= Beginning of Section =

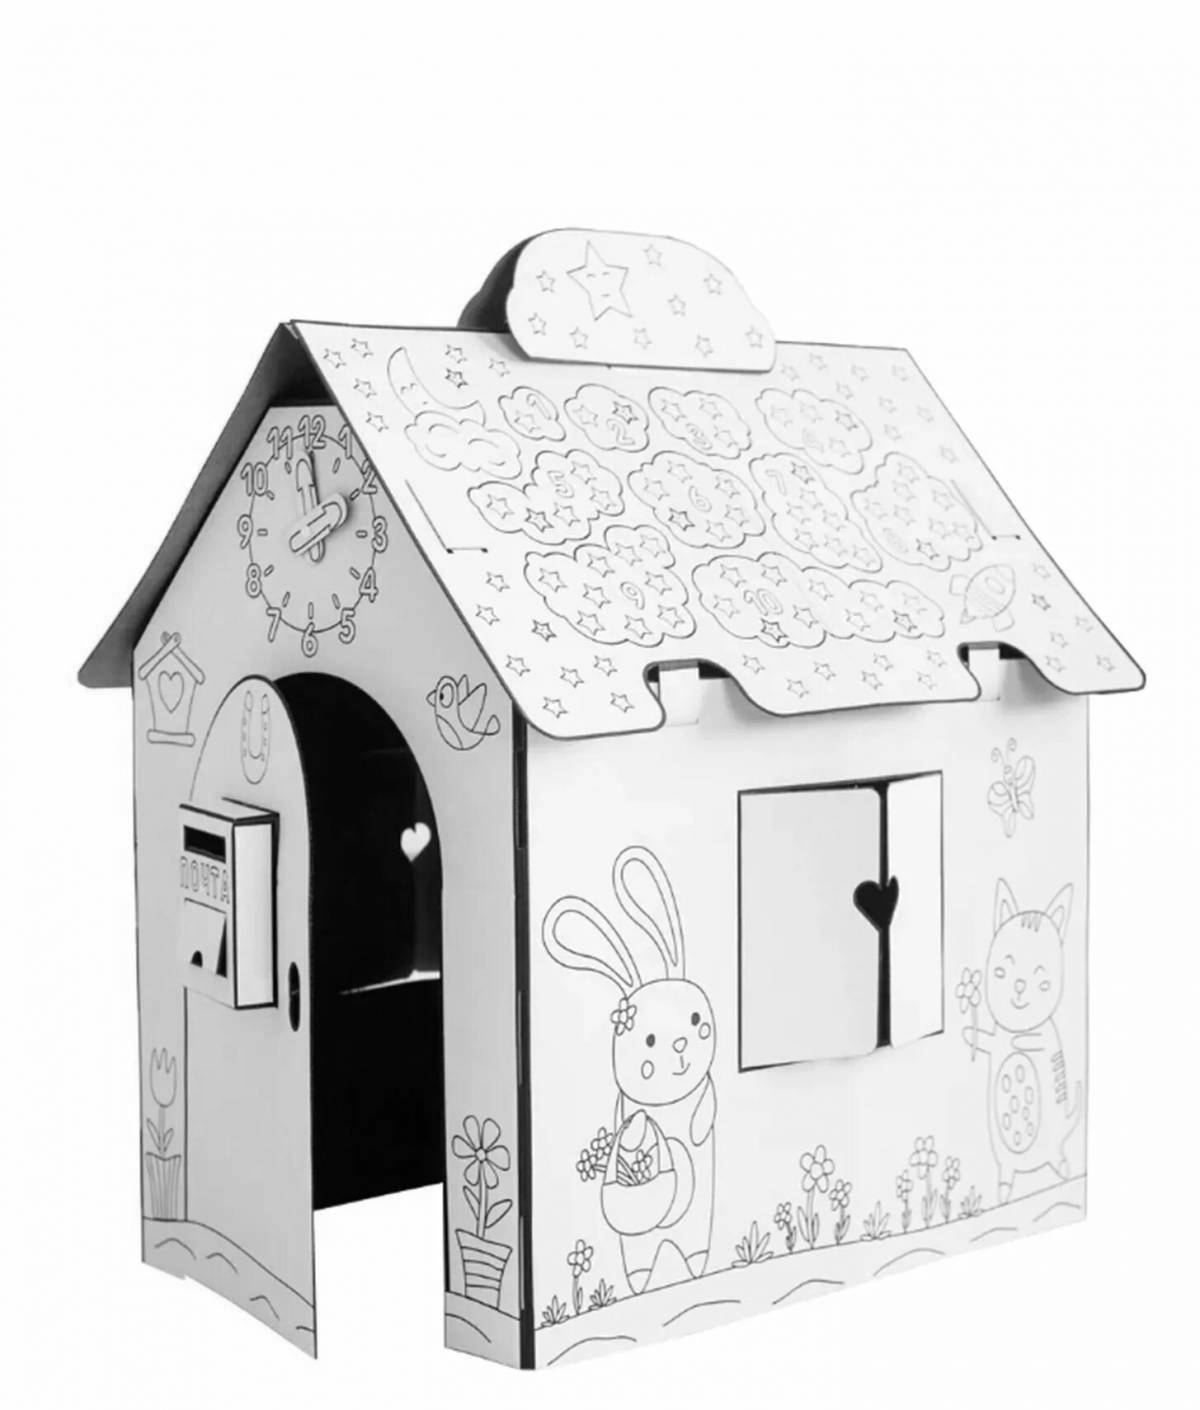 Cardboard playhouse #4
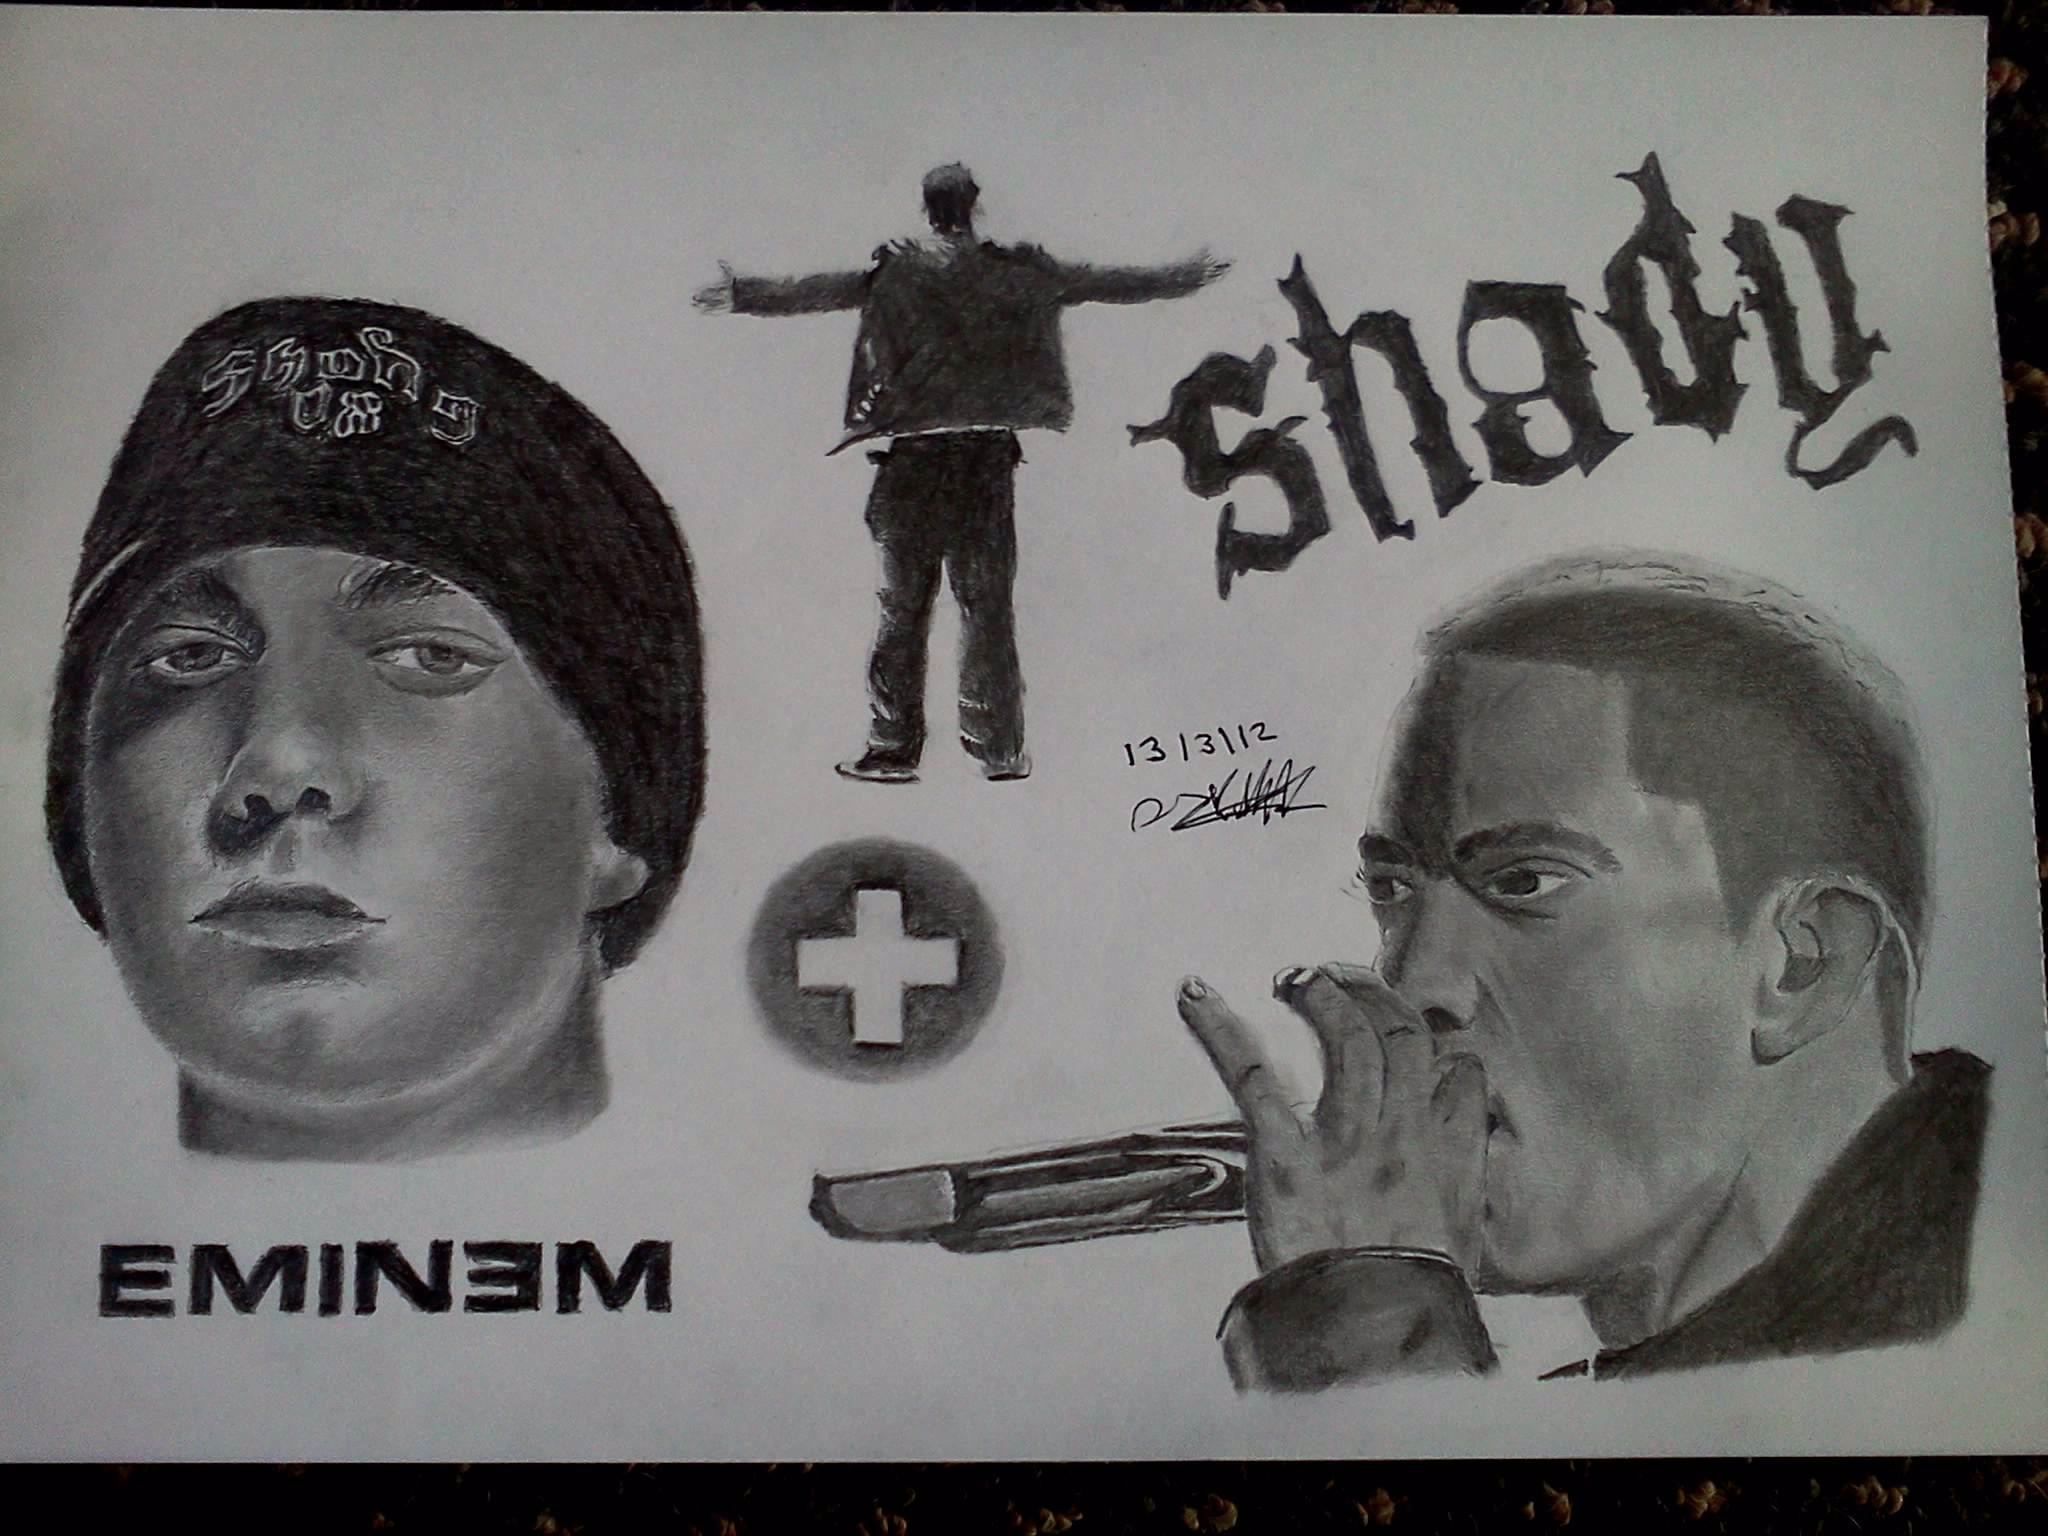 Eminem Slim Shady by Wallpaper 2048x1536. Hot HD Wallpaper
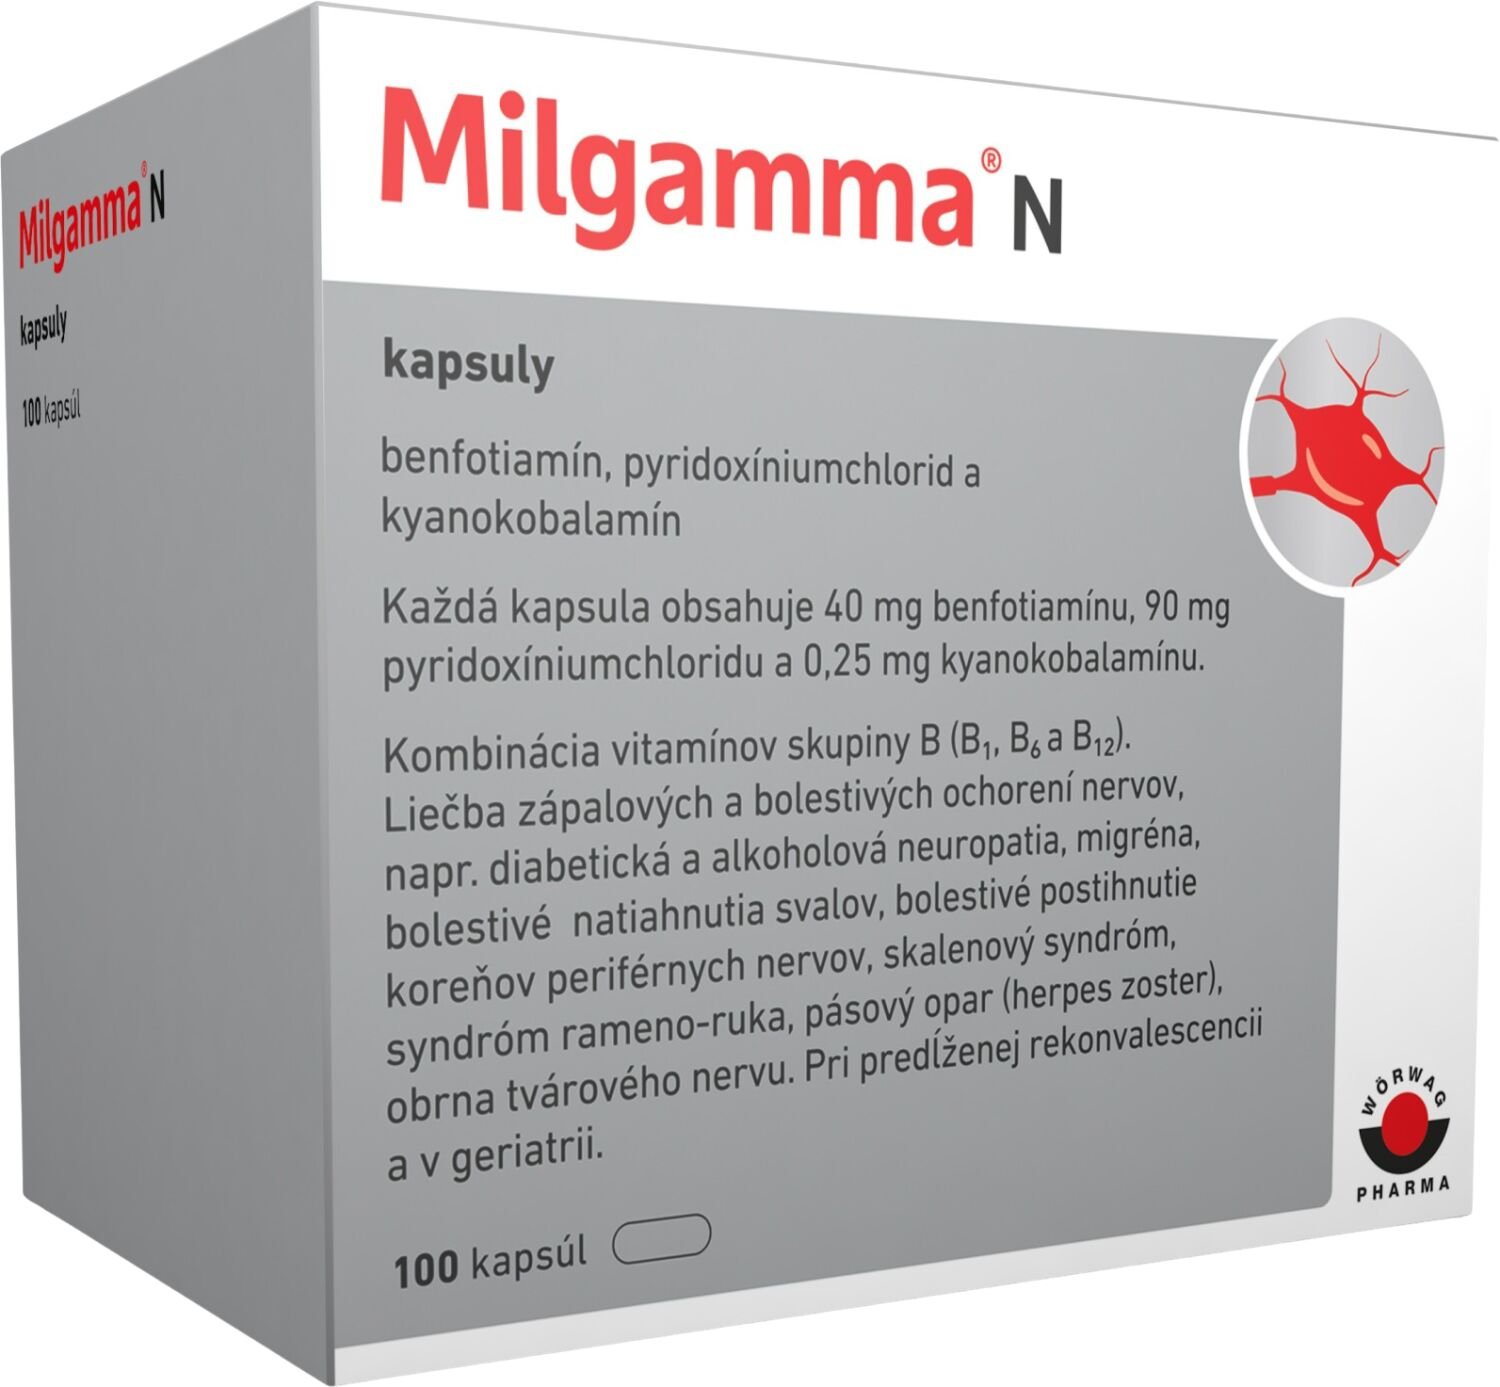 Milgamma N trojkombinacia vitaminov 100 kapsúl

= End of Section =

— WHAT NEEDS TO BE DONE —
Without the pictures, write out the listing exactly as it appears above.

— RESULT BELOW —
 Cardboard playhouse #4
 Eminem Slim Shady by Wallpaper 2048x1536. Hot HD Wallpaper
 Milgamma N trojkombinacia vitaminov 100 kapsúl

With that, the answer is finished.